I stood, took it from him, and tore it open. A single photograph slid out, and I picked it up. For a second, I couldn't breathe. It was Isabella. She was stepping out of her father's villa, wearing that same calm mask she always wore in public. But that wasn't what made my stomach twist.
There was a small red circle drawn around her head.
It was a crosshair, a sniper's scope, and I stared at it, and the air around me turned to ice.
For a moment, everything went quiet. My pulse, my thoughts, and the world.
Then it hit all at once, the rage, the fear, and the fire that never stopped burning.
Yuri shifted nervously. "Boss."
I looked up slowly. "Where did this come from?"
"It was delivered to the lobby. No name, just that."
I clenched the photo until the edge cut my skin. "Get every man we have," I said, in a low, hard voice. "No one sleeps until we find who did this."
Yuri didn't argue; he just nodded once and rushed out.

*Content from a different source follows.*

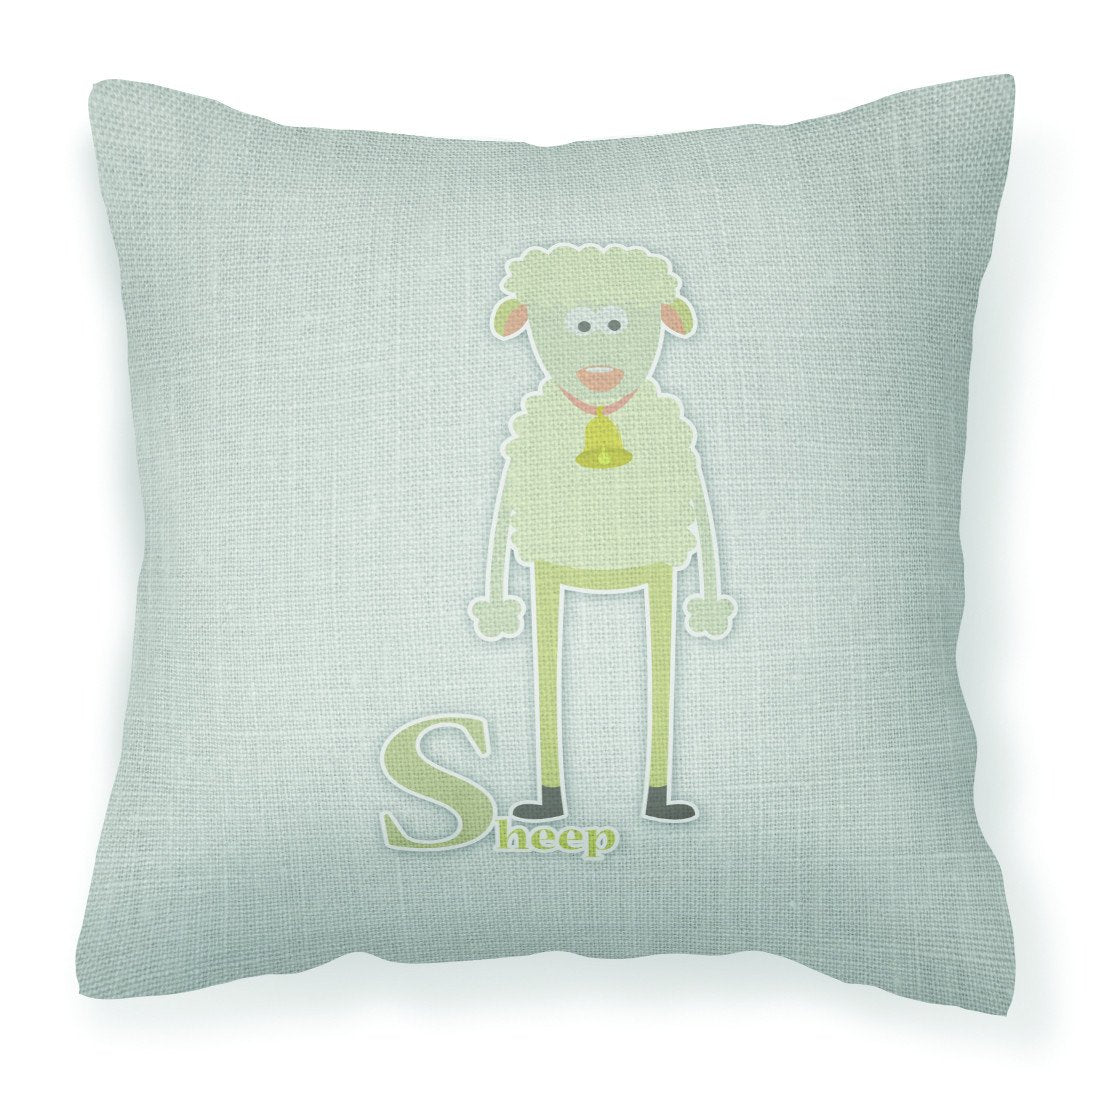 Alphabet S for Sheep Fabric Decorative Pillow BB5744PW1818 by Caroline's Treasures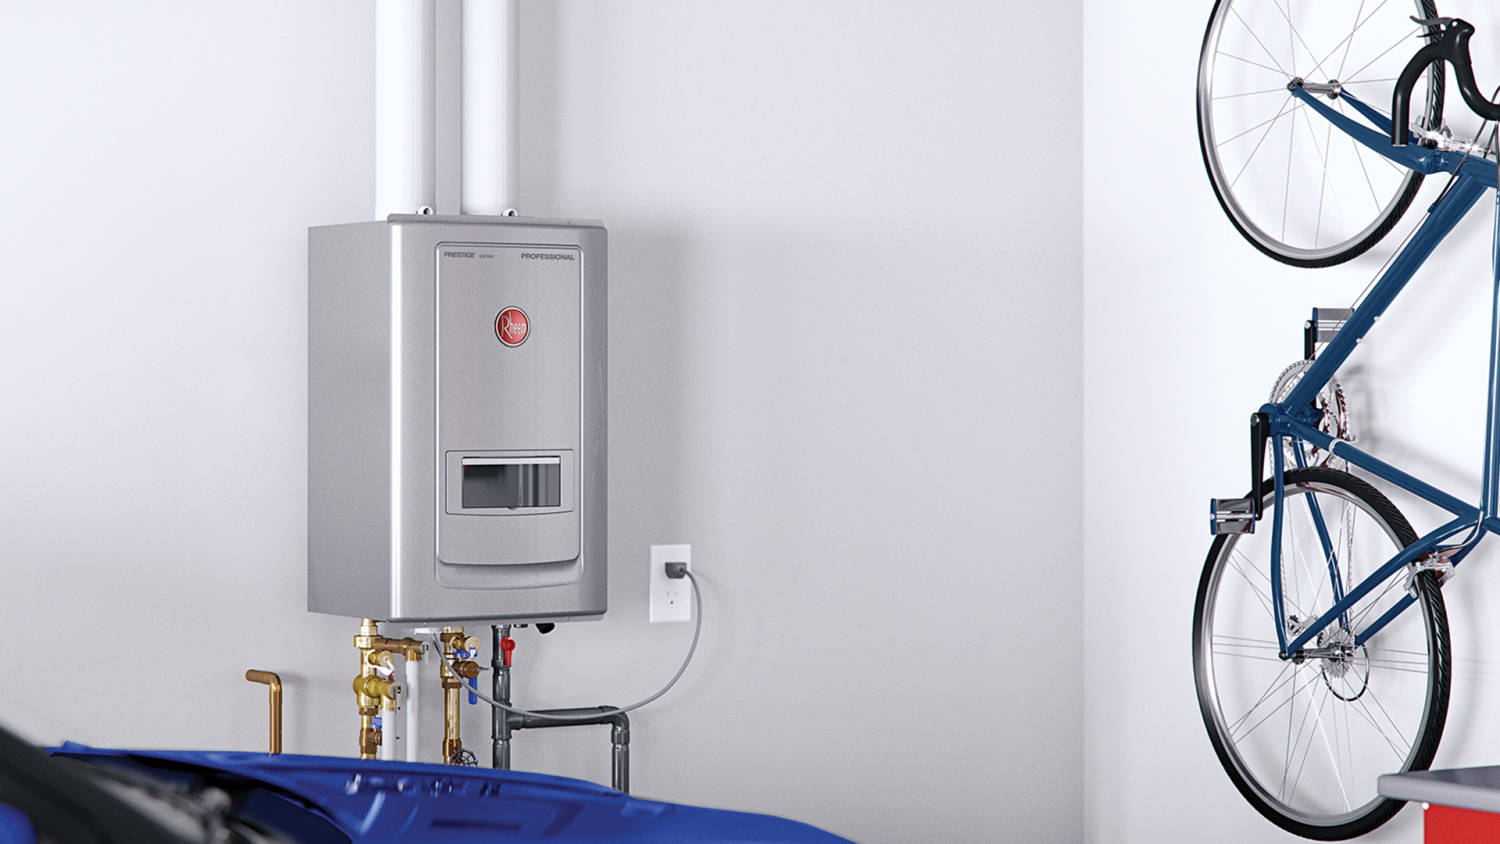 Top Benefits of Installing an On-Demand Water Heater

The door shut behind him, leaving me alone with the picture.
I stared at it for a long time, her face, her eyes.
.. the target over her head. They were coming for her, and now they knew exactly what she meant to me.
I poured another drink, but my hand shook, and the whiskey splashed onto the desk.
I didn't care. I couldn't stop thinking, when did she become this?
The weakness they'd use against me, the one thing that could break me.
Was it love? Obsession? I didn't even know anymore. All I knew was that if anyone touched her, even breathed near her, they'd never see daylight again.
I looked down at the picture one last time, my voice barely a whisper now. "You're not dying, Isabella. Not while I'm still breathing."
I placed the photo on the desk, and the red circle stared back at me like a challenge. If they wanted war, they'd get one. And this time, I wasn't just defending the Bratva, I was defending her. Even if I had to burn the whole city to the ground to do it.